* [EXERCISE DETAILS] From the line below containing "ZALMAN ZM-HE130 EXTERNAL" to the final line, print each line exactly as written. No pictures belong in the copy.

* [DATA EXCERPT]
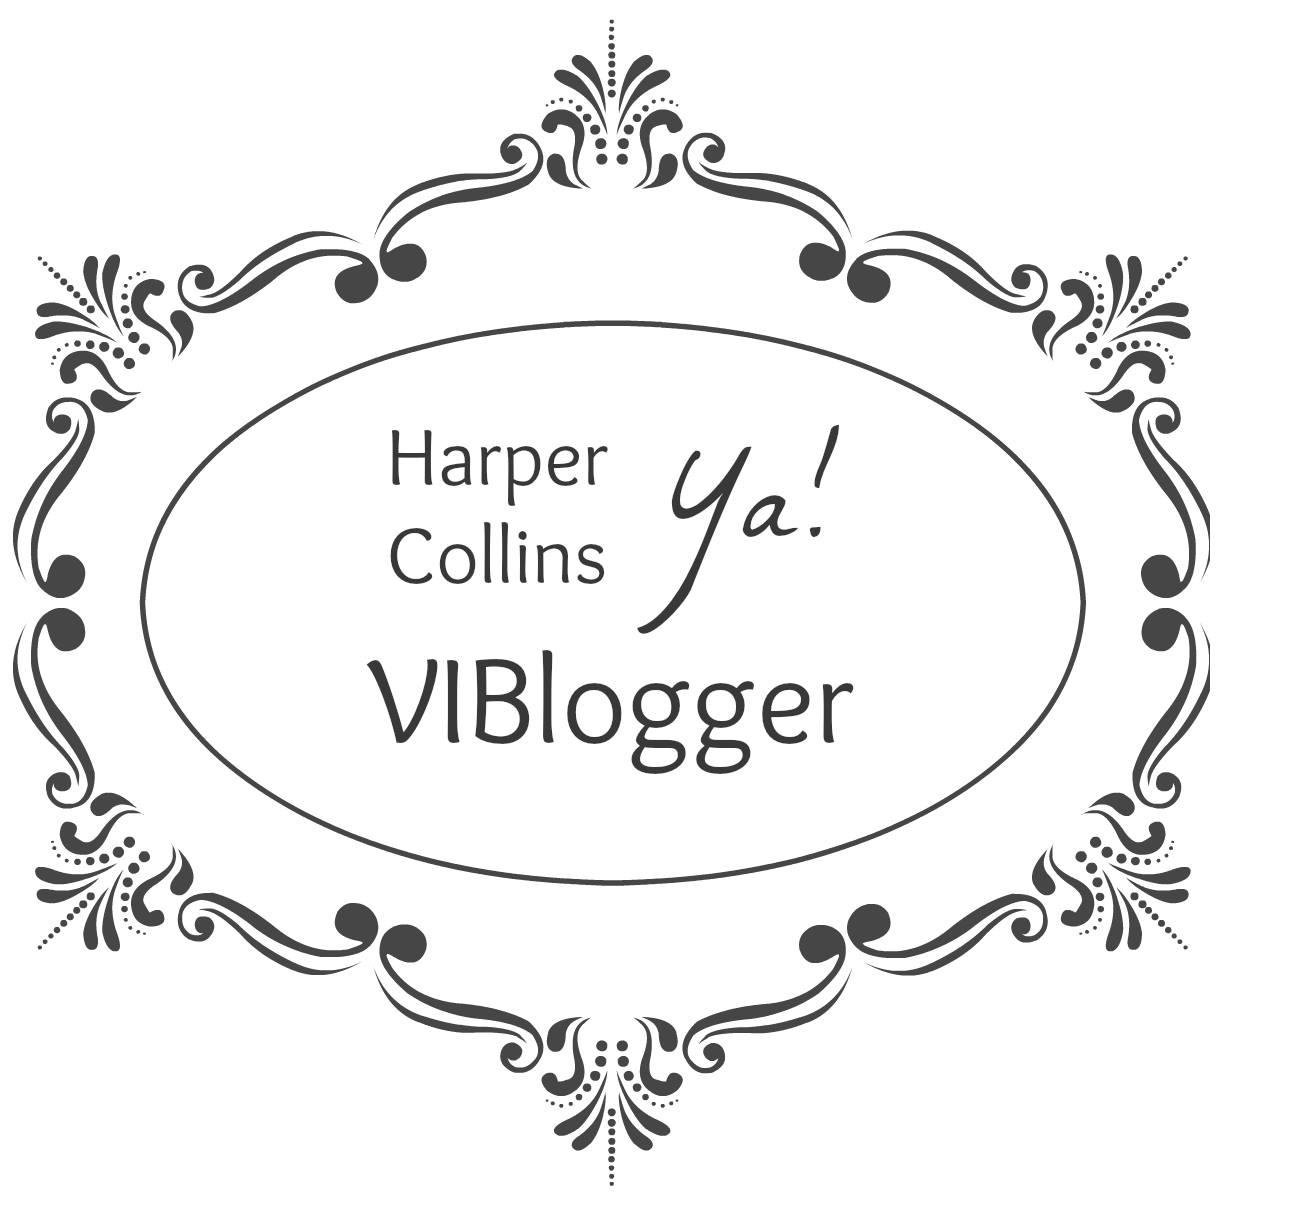 HarperCollins ya!  VIBlogger
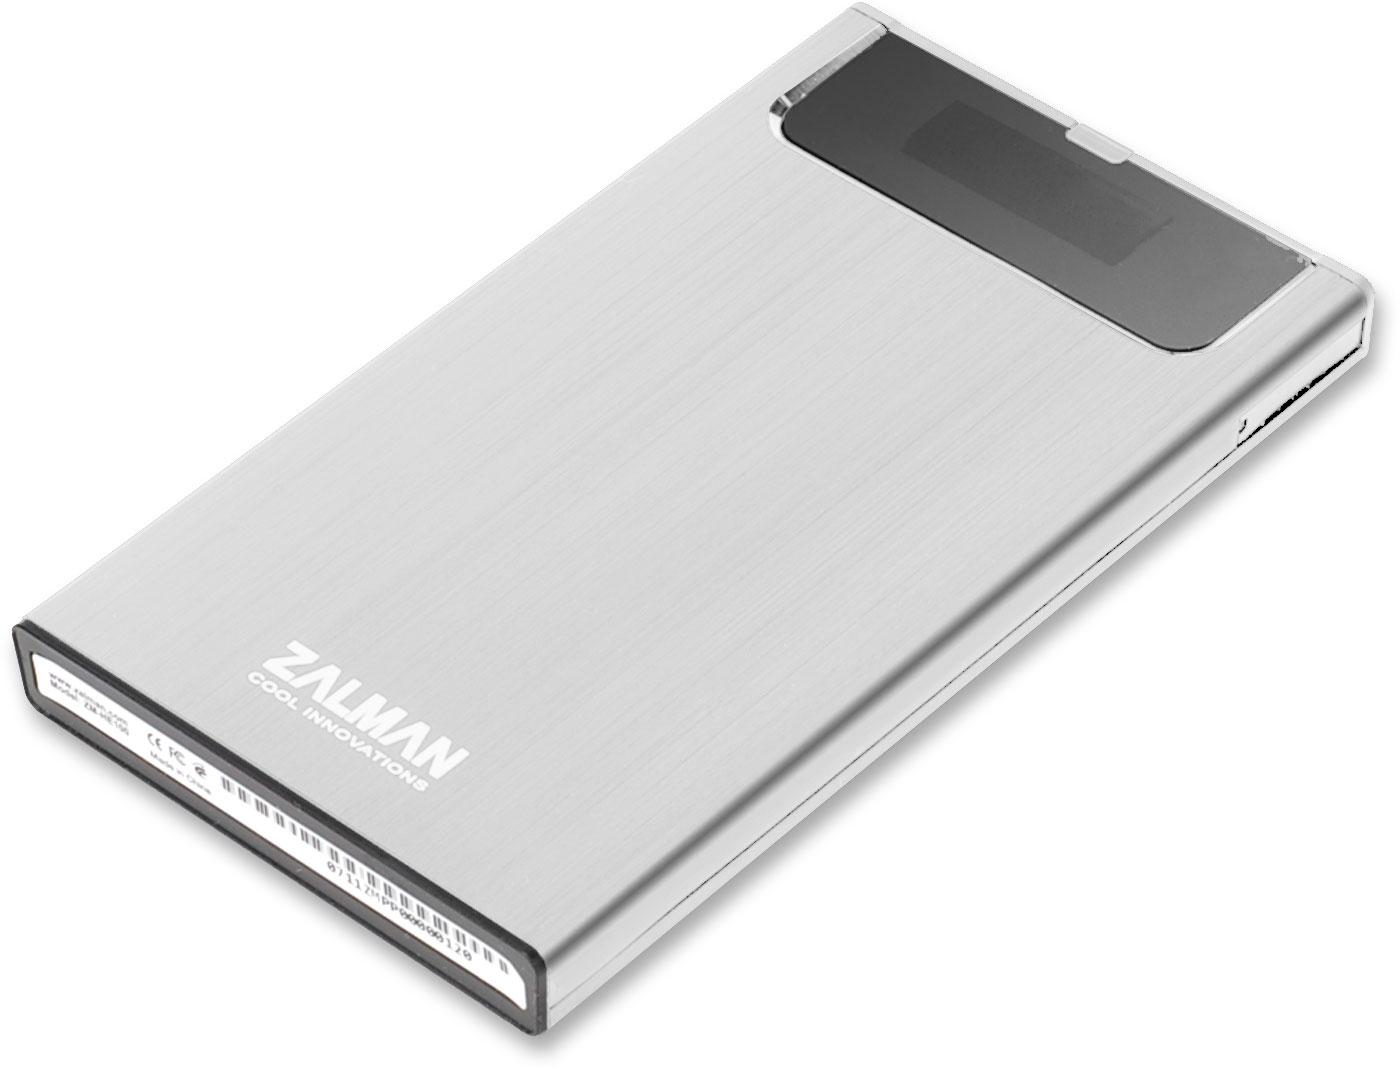 ZALMAN ZM-HE130 EXTERNAL HDD WINDOWS 7 DRIVERS DOWNLOAD
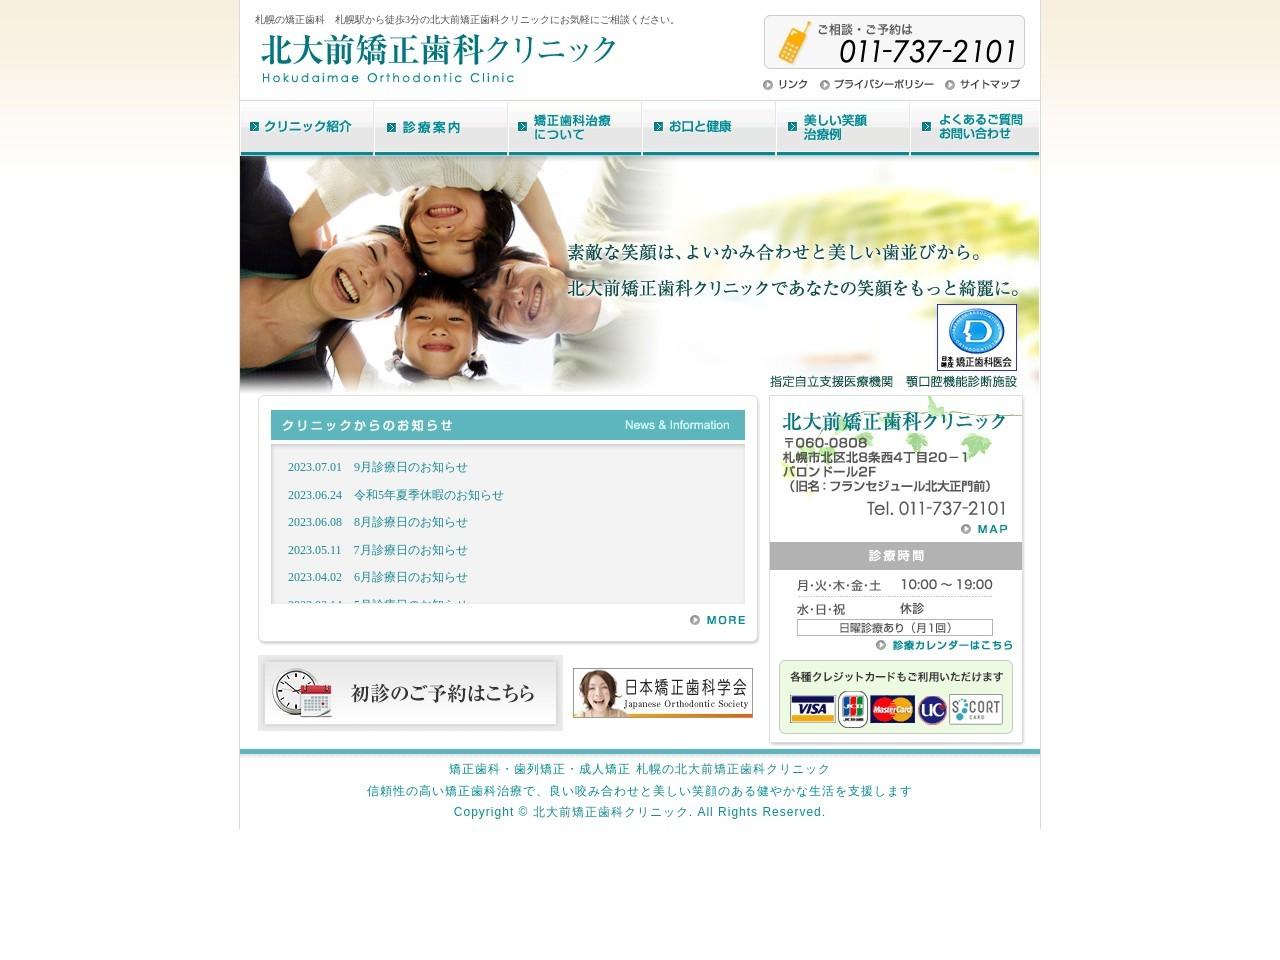 北大前矯正歯科クリニック (北海道札幌市北区)

* [RESPONSE]
 ZALMAN ZM-HE130 EXTERNAL HDD WINDOWS 7 DRIVERS DOWNLOAD
 北大前矯正歯科クリニック (北海道札幌市北区)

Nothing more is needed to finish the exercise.